((

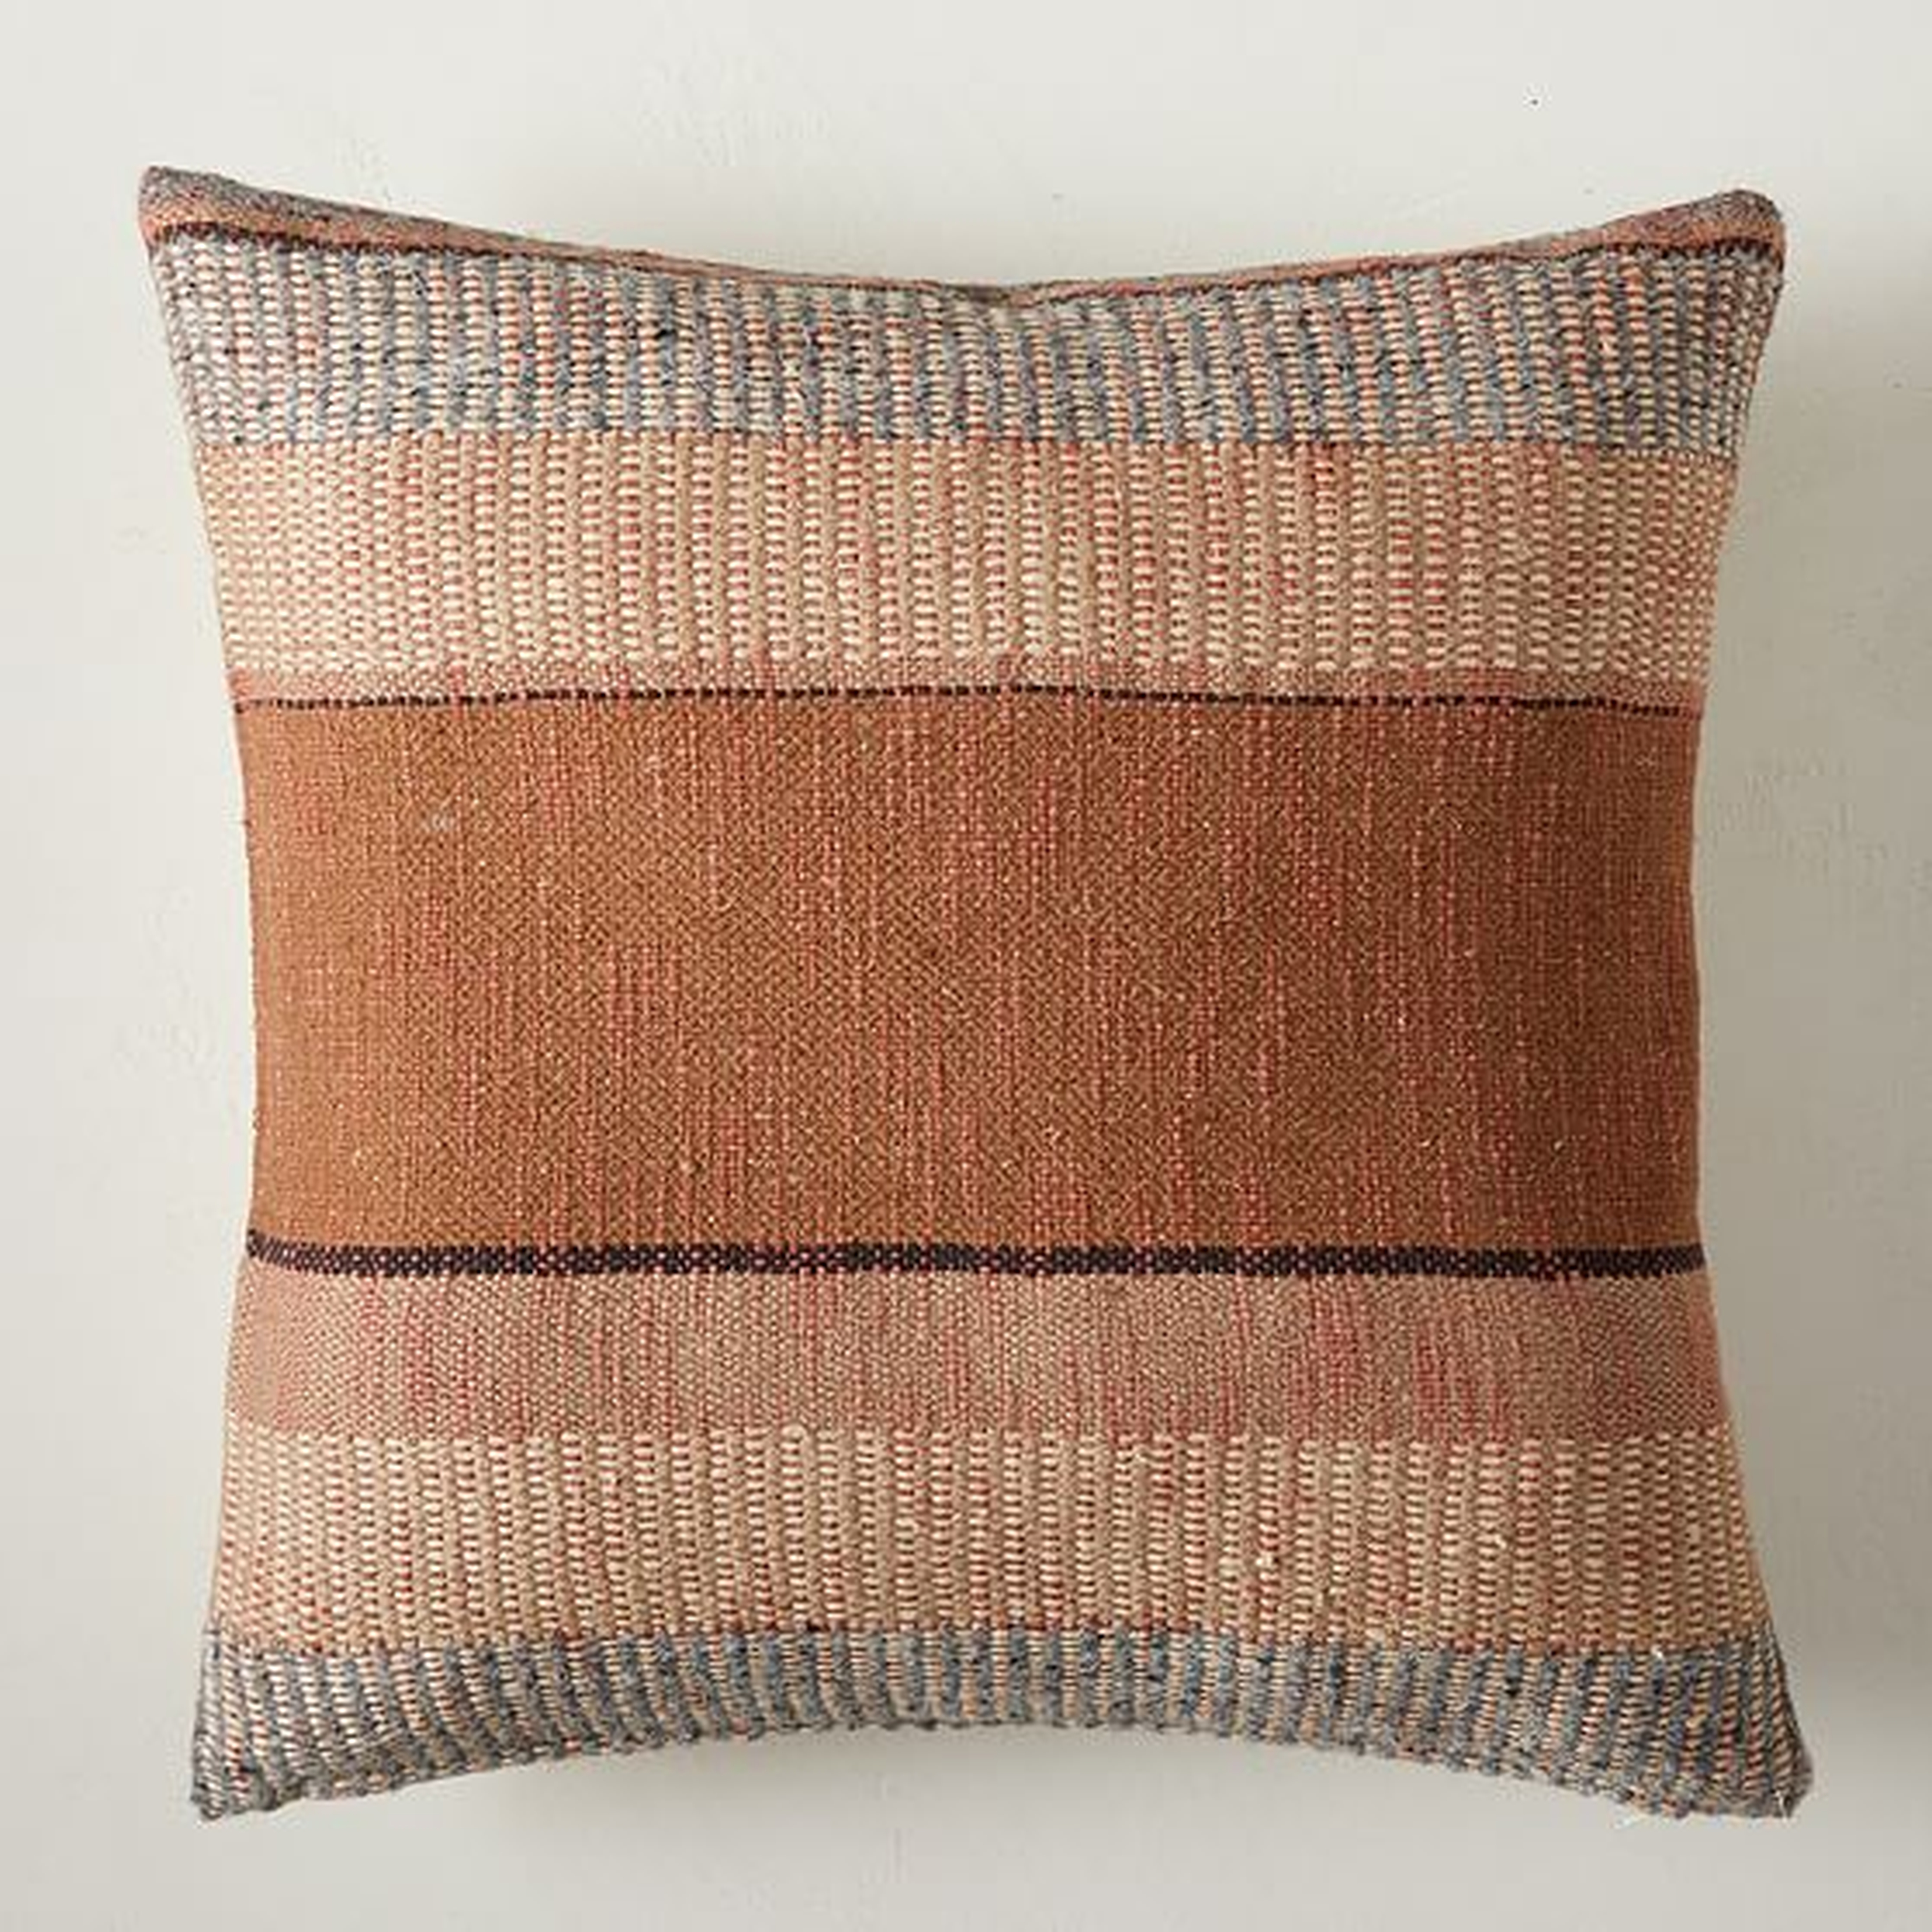 Bold Center Mixed Stripe Pillow Cover, 20"x20", Terracotta - West Elm
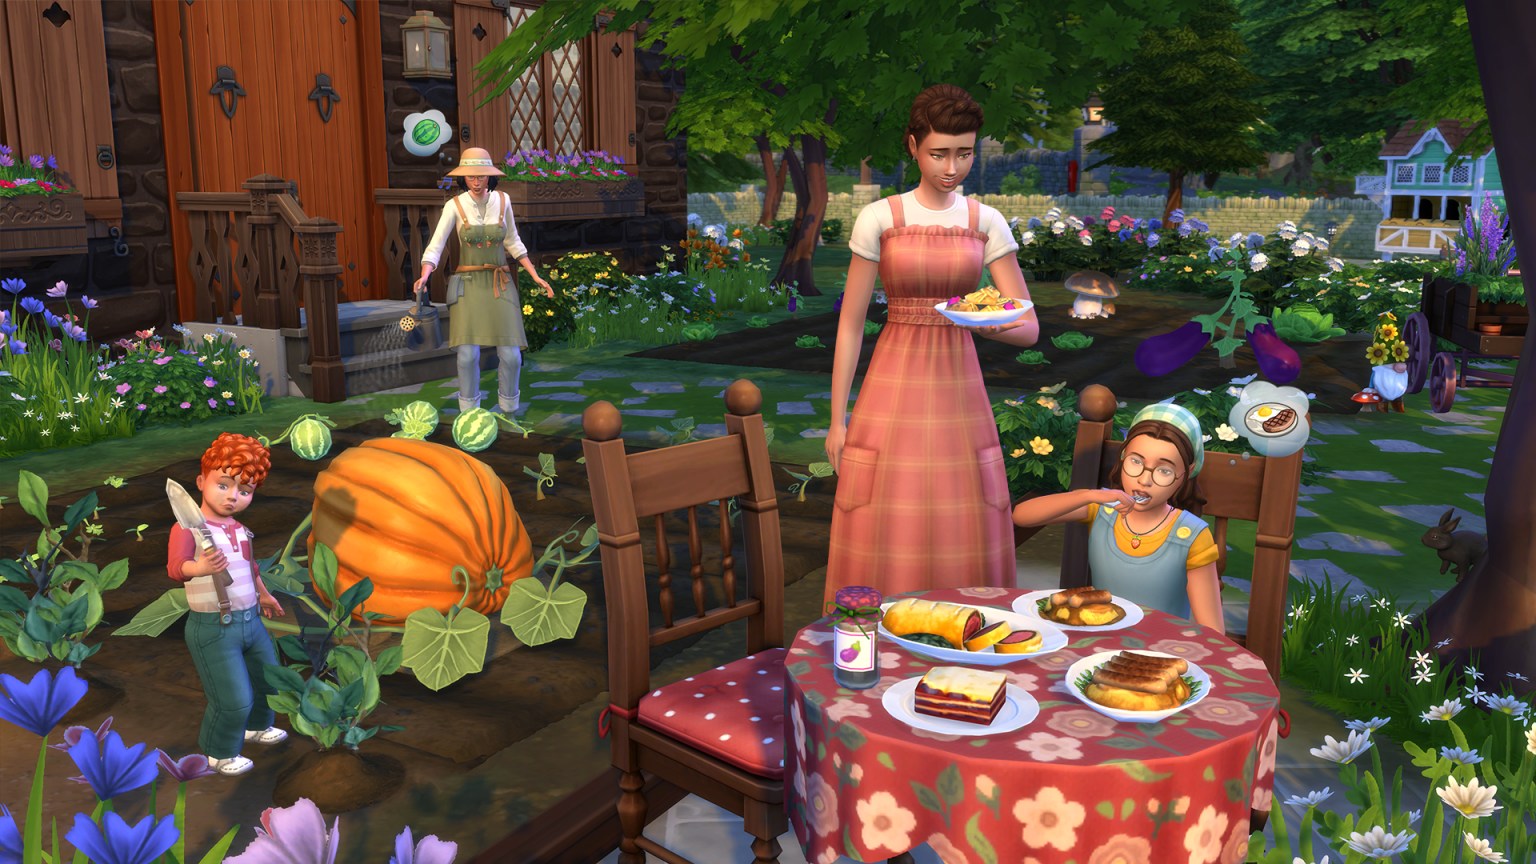 The Sims 4 Vida Campestre: Imagens Oficiais
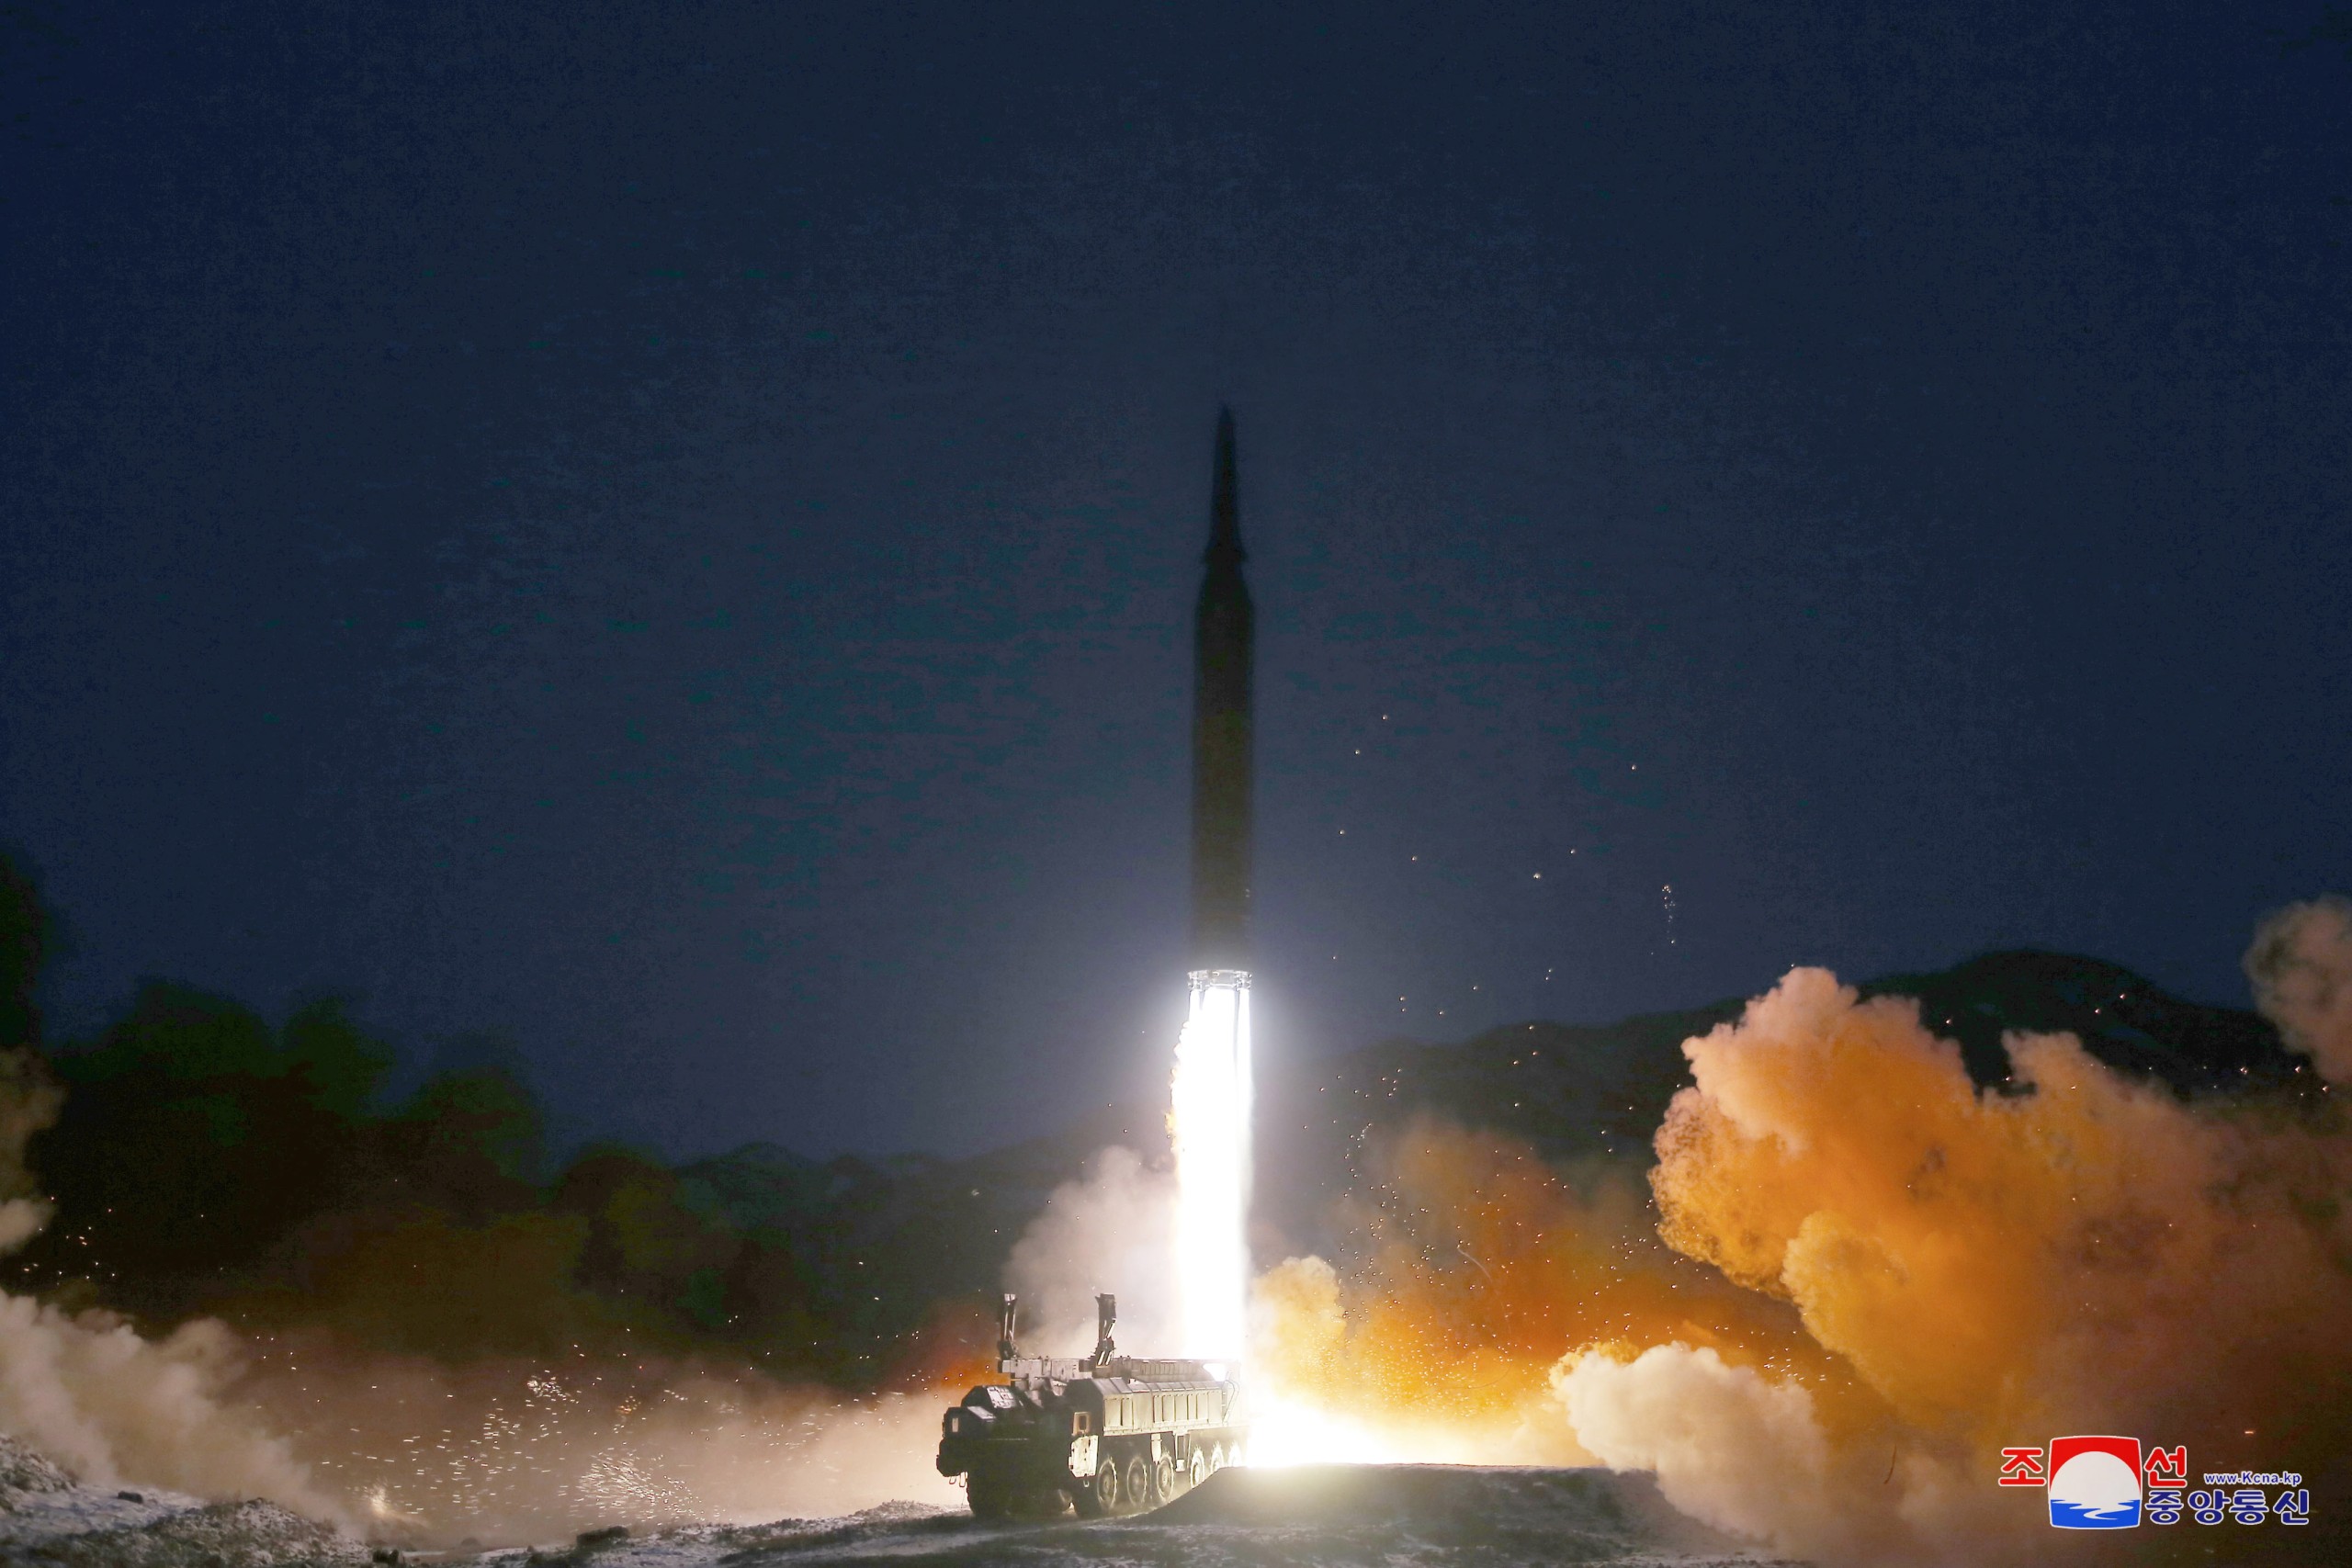 Sjeverna Koreja odgovorila na posljednje sankcije SAD-a novim ispaljivanjem projektila

))

» **Work item**
Only the text of the listing above should be copied, exactly and with pictures left out.

» **Answer**
 Bold Center Mixed Stripe Pillow Cover, 20"x20", Terracotta - West Elm
 The Sims 4 Vida Campestre: Imagens Oficiais
 Sjeverna Koreja odgovorila na posljednje sankcije SAD-a novim ispaljivanjem projektila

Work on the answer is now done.